1.1 We’ll Have a Minimal Data Pipeline By the End of This Chapter

A data pipeline has an unfortunate number of meanings. In this book we’re talking about a repeatable, scalable process for ingesting data so that end-users can use it. Let’s jump right into the building our first pipeline.

1.2 Load Packages

library(googlesheets4)
library(readr)
library(here)

1.3 What You Would Do With a Local File

If we’re doing what small organizations often do, we download a .csv file from somewhere, stick it in the same folder as our code, and run read_csv() with the vague hope the data will read in correctly.

penguins_local <- read_csv("palmer_penguins.csv")

The aim of a data pipeline is to remove the manual steps like downloading the file and make the hope our data is correct more grounded in evidence.

1.4 Starting a Reproducible Pipeline

“Reading a remote file” can sound scary, but R can help make it as straightforward as reading in a local file. Using the googlesheets4 package, we’ll read in a remote file that contains the raw Palmer Penguins data.

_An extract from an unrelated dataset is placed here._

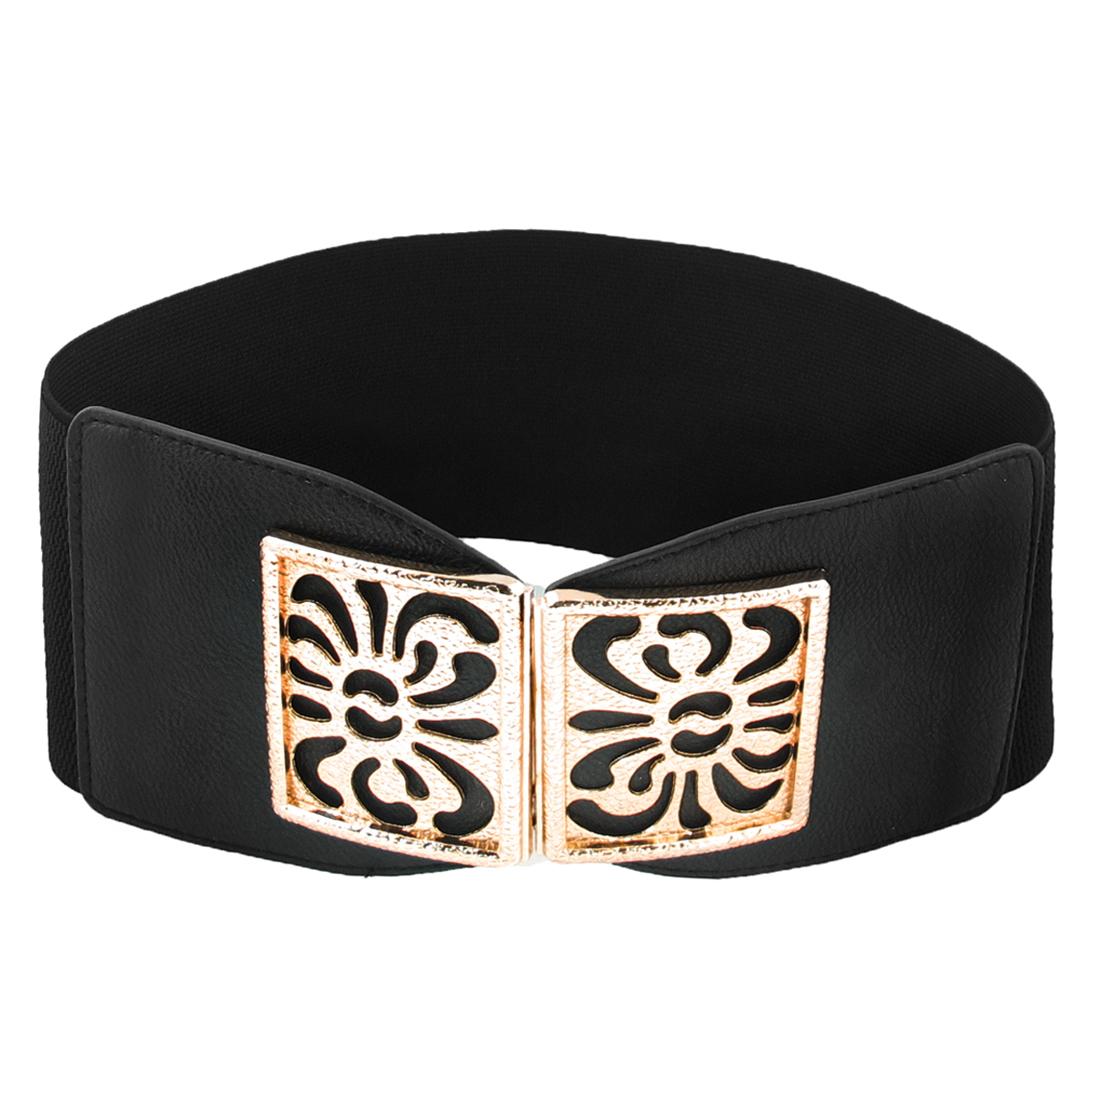 Lady Rectangle Interlocking Buckle Stretch High Waist Belt 10cm Width Black

# Since this Google Sheet is public to anyone with the link we don't need
# to authenticate

gs4_deauth()

# Get the URL of our Google Sheet

url <- "https://docs.google.com/spreadsheets/d/1v0lG-4arxF_zCCpfoUzCydwzaea7QqWTTQzTr8Dompw/edit?usp=sharing"

# Read in the penguins data using the googlesheets4 package

penguins_remote <- read_sheet(url)

And we’ve kicked off our pipeline! We’ll focus on reading remotely from Google Sheets in this textbook since everyone will be able to access it for learning purposes. See this footnote for R packages that can help you read in your data from other sources.1

1.5 Only One More Step to Complete a Minimal, Reproducible Pipeline

The final step of our minimal pipeline is writing the data to a location where end-users can access it. In this case we’ll write the raw Palmer Penguins data to the “raw” folder in our R Project.2 We use the here package to make sure we don’t lose track of our files.3

output_path <- here::here("data_from_gsheets/raw/palmer_penguins.csv")

write_csv(penguins_remote, output_path)

And our first, minimal data pipeline is complete! We’ve created a process where we could open an R Project, run a script, and have an updated version of our data available to end-users. We’re just getting started, and in the next chapter we’ll make some much needed upgrades to this minimal pipeline.


  1. The qualtRics package for Qualtrics, svmkR for Survey Monkey, rtypeform for Typeform↩︎

  2. If you’re not already I’d highly recommend organizing your R infrastrcture using Projects, see this resource on how to get started↩︎

  3. Also note that we have to create the “raw/” folder within our project before writing this code, or else we’ll get an ambiguous error↩︎